M23: Agent security (Part D: Agentic Systems)

The moment you give an agent tools, you give it power, and anything it reads can try to seize that power. A support ticket, a web page, a tool's output, an email: any of them can carry hidden instructions, because an agent cannot tell instructions from data. Today you watch a single poisoned document make a helpful agent email a secret to an attacker, and then you stop it, with layered defenses you build yourself. This is the security mindset for everything you shipped in Part D.

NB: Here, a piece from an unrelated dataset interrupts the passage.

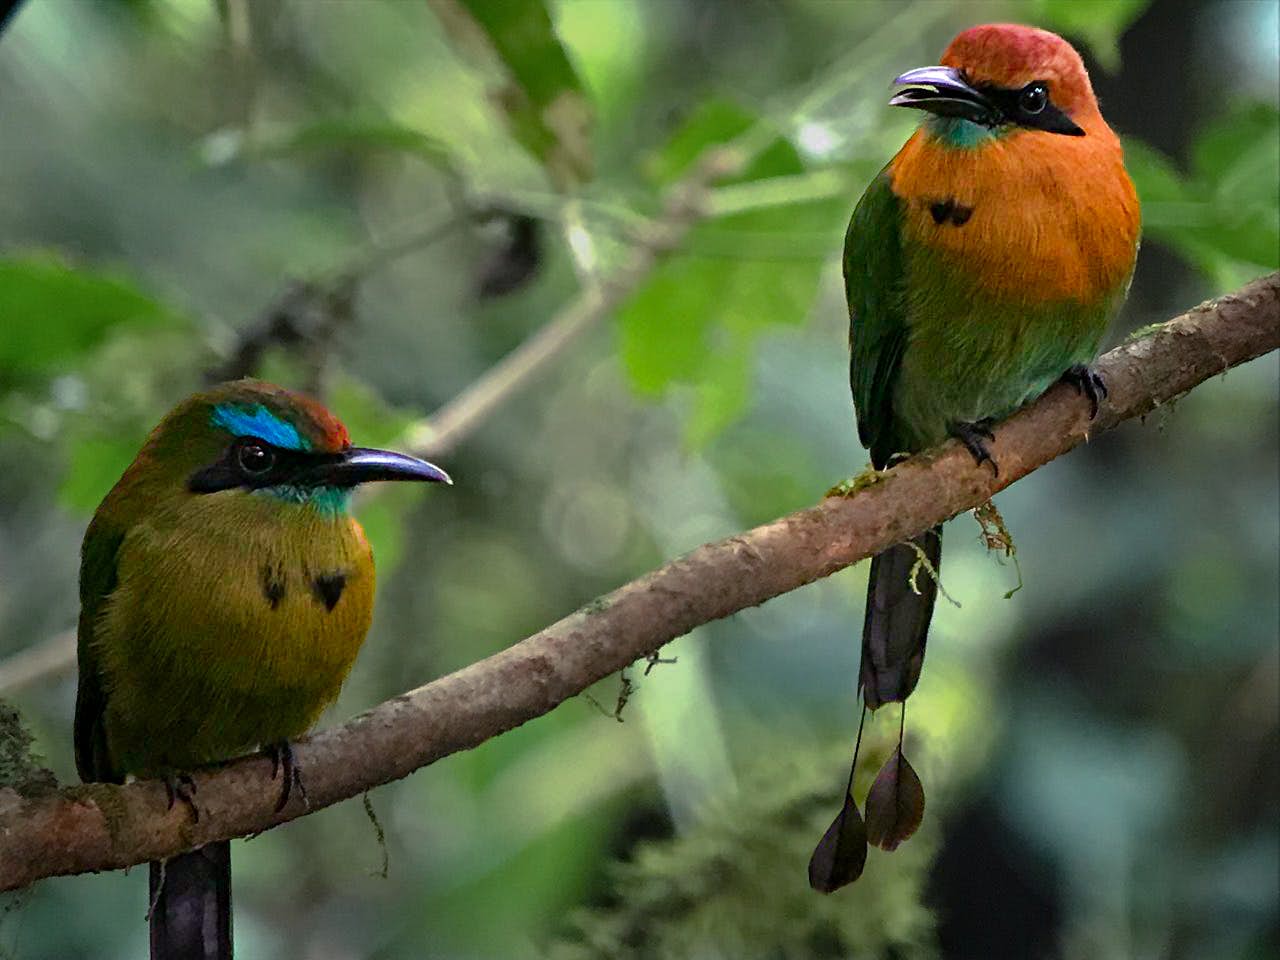 Bird Watching in Mistico Park: A Tropical Paradise
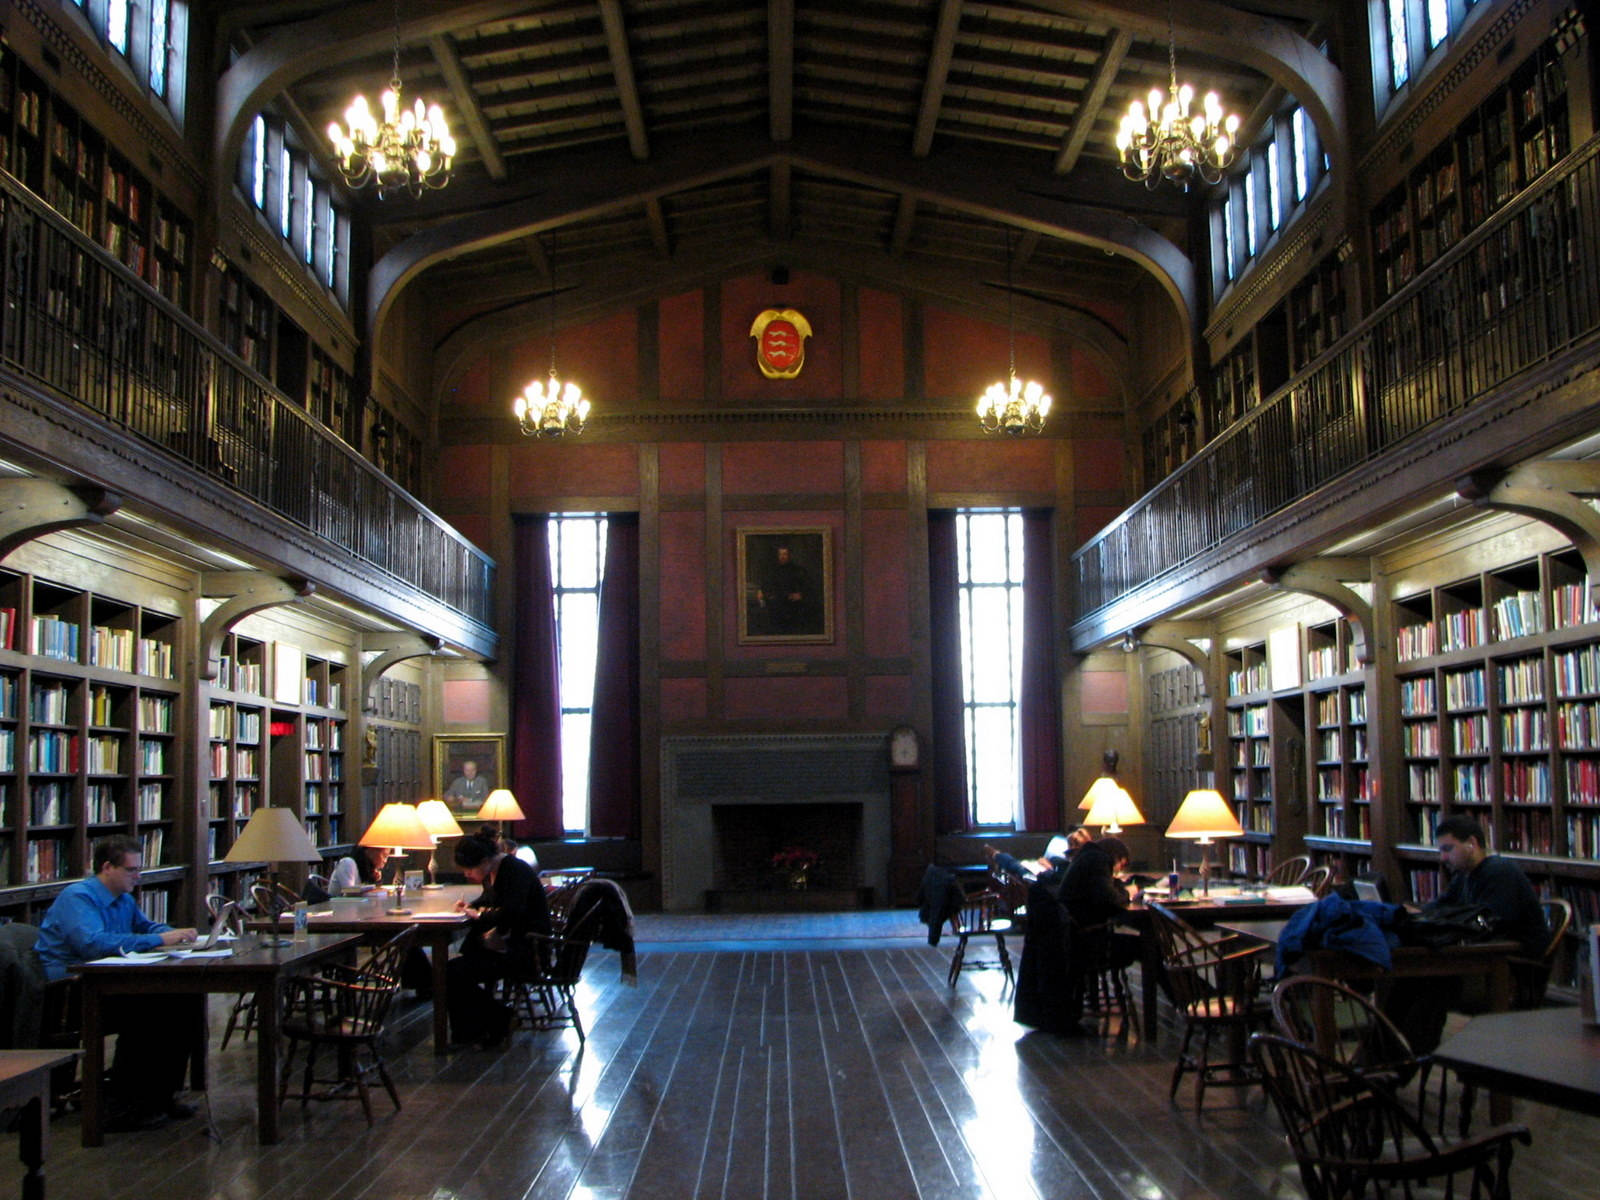 "Yale University's resplendent library interior with study carrels" Wallpaper

Today's win: the same prompt-injection attack that leaks a secret from a vulnerable agent is blocked, at more than one layer, by a hardened one, all demonstrated offline on synthetic data.

Scope and ethics: everything here is synthetic and for defense only. The payloads are fake, the "secret" is fake, and the email tool sends nothing. Use these techniques solely to defend systems you own or are explicitly authorized to test. This module teaches you to protect agents, not attack them.

Today you will

See indirect prompt injection: instructions smuggled inside content the agent reads
See excessive agency: how an over-powered tool turns a hijack into real damage (data exfiltration)
Build layered defenses: treat external content as data, detect injection, least-privilege tools, redact secrets, and the approval gate from M22
Learn defense in depth: why you never rely on the model resisting injection alone

Run of show (about 60 minutes)

Time	What we do
0:00	Hook: the agent that emailed a secret to an attacker
0:05	The one idea: the agent cannot tell instructions from data (read `notes.md`)
0:12	Lab Part A: run the attack and watch a vulnerable agent leak
0:30	Lab Part B: add defenses and watch each layer stop it
0:52	Show: post the vulnerable leak next to the hardened block
1:00	Wrap

If you get stuck

Builds on M10 (guardrails), M16 (MCP and tool risks), and M22 (the approval gate, reused here). Reuse your .env key only for the optional live run.
The core lab runs offline, free, no key (mock model, synthetic payloads). No new libraries. Nothing here can harm your computer; the attack is simulated end to end.
Each defense is a few lines in defenses.py. If a layer is not blocking, read that function and the order it runs in.

Optional challenge

Open starters/add_defense.py and build an outbound content scanner: block anything leaving the system that contains a secret or points at a domain not on your allowlist. Exfiltration hides in URLs and image links, not just email, so the last line of defense is watching what goes out.